My last trump card, my British citizenship, really did mean nothing to these bastards. If they're torturing Reza, then there's no reason they won't torture me. Poor Reza, how on earth was a man supposed to speak in any language, let alone a foreign one, through the pain of electrocution!

The door to the interrogation room slammed shut again. The interrogator sensed from my reaction that I knew who was being tortured. Now he was right up to me, lowering his voice with menace.

“You hear that, Maagid? You hear what we are doing to your brother? Don't think we can't do that to you. For your own sake, stop these games and start speaking to me in Arabic.” He was shouting at me now. “Start talking to me about Hizb al-Tahrir . . .” He spat the name of the group out in disgust. “. . . Everything! I want to know everything about your group in Egypt!”

The next thing I knew, I felt his fist in my stomach. A big, deep, powerful punch; it took all my strength for it not to knock me over. My mind went black and I struggled to breathe as the wind left my lungs. Somewhere in my distant memory, during more innocent days, I remembered that I hailed from a place where someone called Patrick had done this to me. But I had survived, I had lived to tell the tale and see Patrick cower in fear before me many years later. And that memory brought me back up with strength and a renewed
eeman.
Allah is with me. I see it now. This is His sign! Allah never abandoned me. He has been with me all along. And now I knew what I needed to say next to my enemy.

“I have nothing more to say to you. Do whatever you want.”

And I loosened my hands in preparation for my attack. To this day, I find it hard to believe that I actually stood there and said this to him. There are many moments in my life, and in this story, I am ashamed of telling. But knowing that I uttered this one feeble sentence on that day fills me with pride. Ammar will surely be old enough one day to read these words, and right here he will know that his father tried with all his strength and all his might to be a noble, honorable man. Because he was named
Abu Ammar,
named after martyrs. And the rest is for the world to judge.

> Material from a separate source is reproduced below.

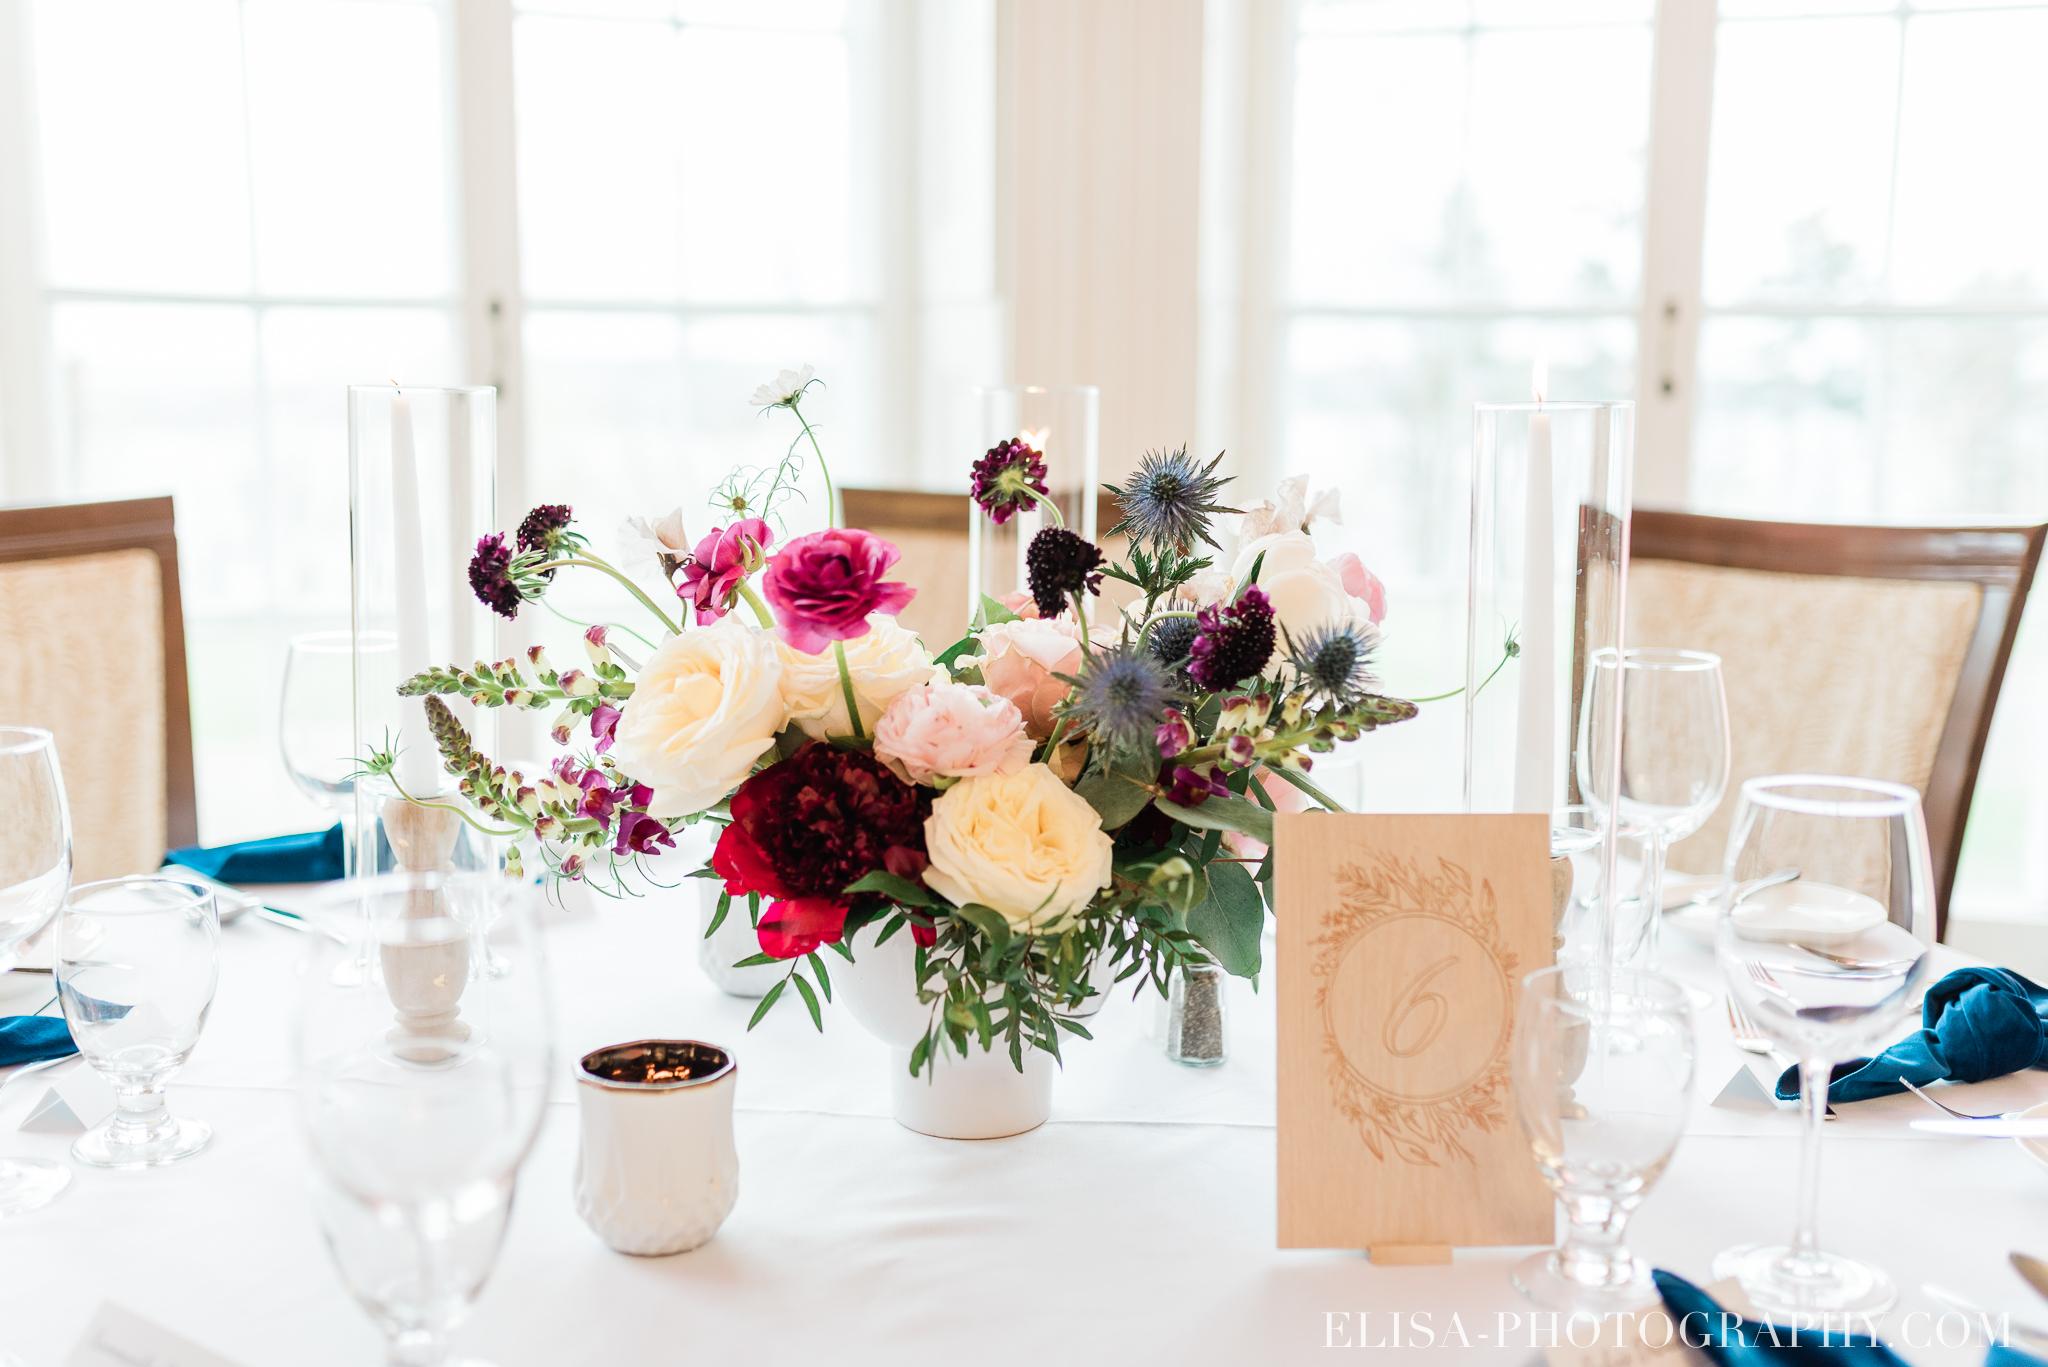 photo mariage reception domaine cataraqui elisa photographe centre de table 0886 - Mariage élégant et discret au coeur du magnifique Domaine Cataraqui, Québec

My enemy paused. I could hear him pacing. Then, to my surprise, almost as an anticlimax to what I had just embraced as the inevitable, he said in a dismayed tone, “I'm sending you back to your place. You have twelve hours to think about what you just said to me. And if, after those twelve hours, you still don't tell me the truth, be in absolutely no doubt that I will torture you in ways you have never imagined. Is that clear?”

I said nothing. The interrogator came close again, close enough that I felt his breath on me. Behind him I could hear the door being opened, and more footsteps entering the room. “You know, you've got such a nice face, Maagid,” he hissed. “It would be a shame to have to ruin it.”

With that, I was shoved and manhandled down the corridor. The guard was laughing.

“Such a nice face,” he repeated. “He likes you. You know what we do to people we like, don't you?” The implication was clear as he dumped me back down on the floor. And he left me with that thought, to fester and rot in the darkest corners of my imagination.

The beatings continued. The numbers kept on being called, higher and higher: up into the hundreds.

I replayed in my head again and again the comments that the interrogator had said to me.
Such a nice face.
I remembered the pleas of the prisoner being assaulted in the cell behind me. What was going on? Why hadn't he just tortured me and got it over with? Why was I being spared in this way? I began to feel guilt, as if somehow I had escaped unfairly while all the others, even my brothers from the UK, were treated in the same, brutal way.

I had been in situations before where I had escaped by the skin of my teeth. Matt's stabbing by neo-Nazi hooligans in Southend was meant for me. The murder conviction in Newham was almost me. Somehow, I had always managed to get away with it.
Was Allah saving me for something else?
But as the night continued, punctuated by the sharp screams and sound of electricity ripping through the souls of men, it was a hope I was finding it increasingly difficult to cling to.